Pünktlich zum Einlass um 19:30 Uhr ist es noch sehr leer, egal ob auf dem Vorplatz oder auch im unterirdischen Milla selbst, dem Live-Club in der Holzstraße, mitten im Glockenbachviertel. Dabei ist es Sonntag, 11. März 2018, das Wetter lädt nur so zum Verweilen im Freien ein und außerdem ist der Grund des Besuchs ein ganz besonderer: Jesper Munk. Der Blues-Barde startet seine kleine „First Peek“-Tour, um sein neues Album vorzustellen und das mit Stil in kleinen, besonderen Clubs zu tun. Mit seiner Musik wäre da sowieso nur das Ampere oder Milla in Frage gekommen, also konnte die Wahl gar nicht besser fallen als auf den nach oben steigenden Tunnel-Club mit wahnsinnig viel Flair, dass jede andere Location in Puncto Einzigartigkeit einpacken kann. Ein kleines Wunder, dass sich so ein Juwel inmitten von Münchens Hochglanz- oder Mainstream-Club manifestieren konnte. Die Besucher danken es: ausverkauftes Haus. Vor der Tür suchen etliche Karten. „Sicher kommt er im Herbst wieder“, möchte man da sagen, aber viel helfen dürfte das wohl nicht.

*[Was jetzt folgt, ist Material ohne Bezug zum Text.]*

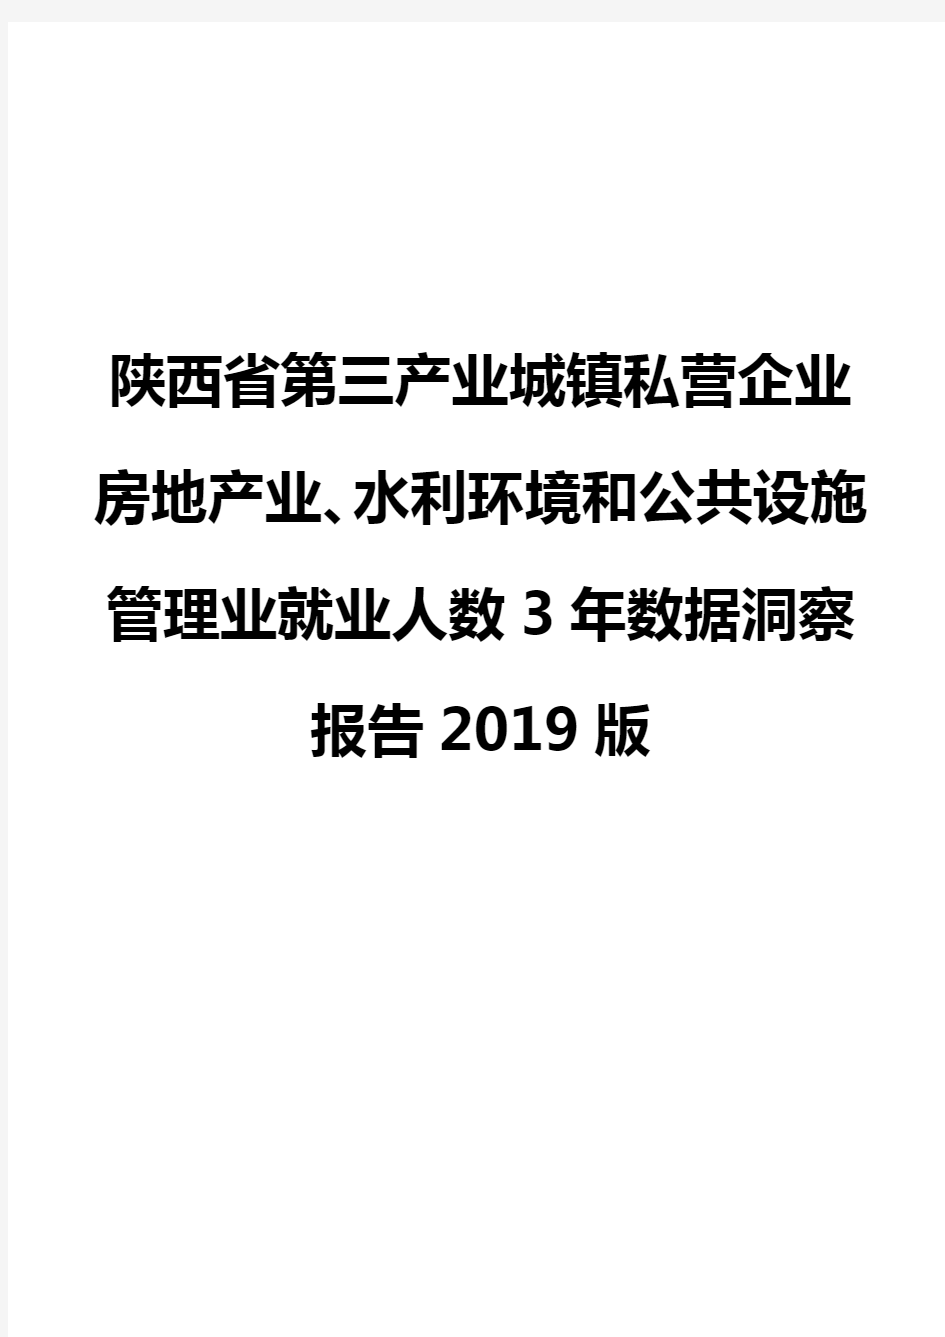 陕西省第三产业城镇私营企业房地产业、水利环境和公共设施管理业就业人数3年数据洞察报告2019版

Etwas verwunderlich allerdings, dass Support Tristan Brusch bereits um 20:10 Uhr die Bühne entert und nicht planmäßig erst um 20:30 Uhr – das hat zur Folge, dass wir leider das erste Lied nur zum Teil sehen und als Setlist-Mitschreiber anfangs auch nicht identifizieren konnten, denn Brusch hat sich vorgenommen: nur Lieder seines im Juni erscheinenden Albums. Und die könnten verschiedener nicht sein. Egal, ob das ruhige „Neujahrsschnee“ oder das kapital-kritische „Die fetten Jahre“, er singt sich die Seele aus dem Leib und gibt sich, gemeinsam mit Unterstützung am Keyboard, vollkommen den Texten und Melodien hin. Dabei singt er nicht nur, sondern geht auch mit „Trümmer“ in die schreikräftige Offensive, die mit Leichtigkeit die eher seichte, musikalische Indie-Mauer durchbricht, die er bis gerade noch aufgebaut hat. Verdutzte Gesichter im Saal, aber mindestens genauso viele überzeugte; es mag ein wenig polarisierend sein, was Tristan Brusch auf der Bühne macht, aber er macht es mit Elan und Überzeugung, sodass man die doch recht knappen 25 Minuten nach „Hier kommt euer bester Freund“ selbst als Blues-Rocker nicht nur übersteht, sondern auch ehrlich gemeint applaudiert. „Wenn ihr es richtig scheiße fandet, ist es auch okay, Hauptsache es hat irgendwas mit euch gemacht“ sagt er da. Hat es. Mindestens „Trümmer“ bleibt nachhaltig in Erinnerung.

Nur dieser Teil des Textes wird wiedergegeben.